Он пытался сопротивляться, чтобы не потерять себя, зная, что рискует погибнуть, если у него заберут слишком много. И пока боролся с этим, его руки нашли плечи Никс. Даал попытался отстраниться от нее, изо всех сил оттолкнувшись руками.

Когда его энергия хлынула в нее, где-то в глубине этого темного колодца замерцала звезда, подпитываемая его силой, и он неудержимо валился прямо к ней. Звезда все росла, вскоре превратившись в огненный символ.

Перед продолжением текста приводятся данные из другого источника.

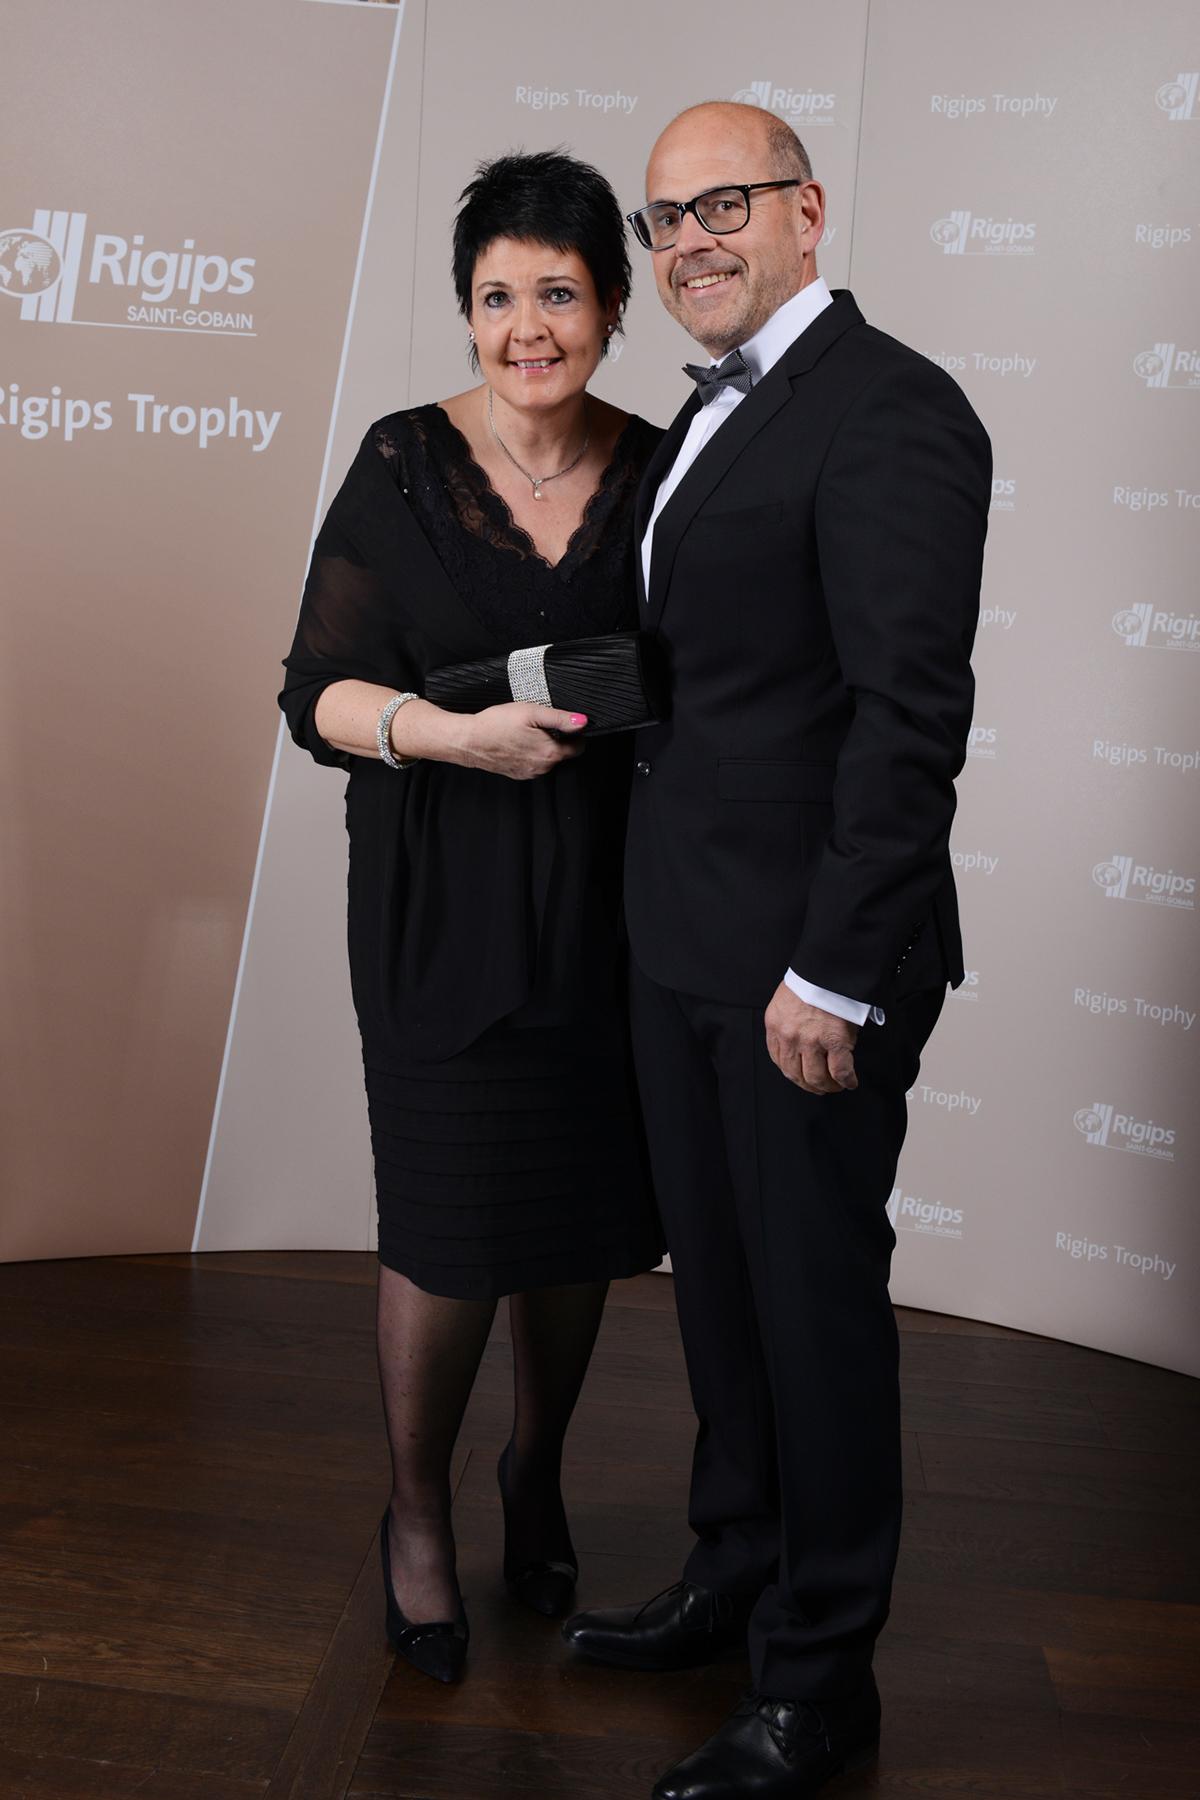 Rigips Trophy 16_0220

Никс узнала его. И он, конечно же, тоже. В такие моменты между ними не было секретов. Обрывки воспоминаний от Никс быстро замелькали перед ним.

Этот символ был даром, который Никс получила от разума орды рааш’ке – прямо перед тем, как тот был уничтожен. Это была карта, превращающая намерение в цель, придающая обуздывающему напеву силу физического воздействия.

Не в силах ничего с собой поделать – а может, и подпитываемый самыми темными желаниями Никс, – Даал потянулся к этой звезде, падая мимо нее, словно утопающий, готовый ухватиться за что угодно, только чтобы удержаться на плаву. И от этого легкого прикосновения символ полыхнул ослепительным солнцем – только безмерно более ярким, чем то, что сияло в небесах.

Эта вспышка рассеяла тьму, выбросив его из темного колодца.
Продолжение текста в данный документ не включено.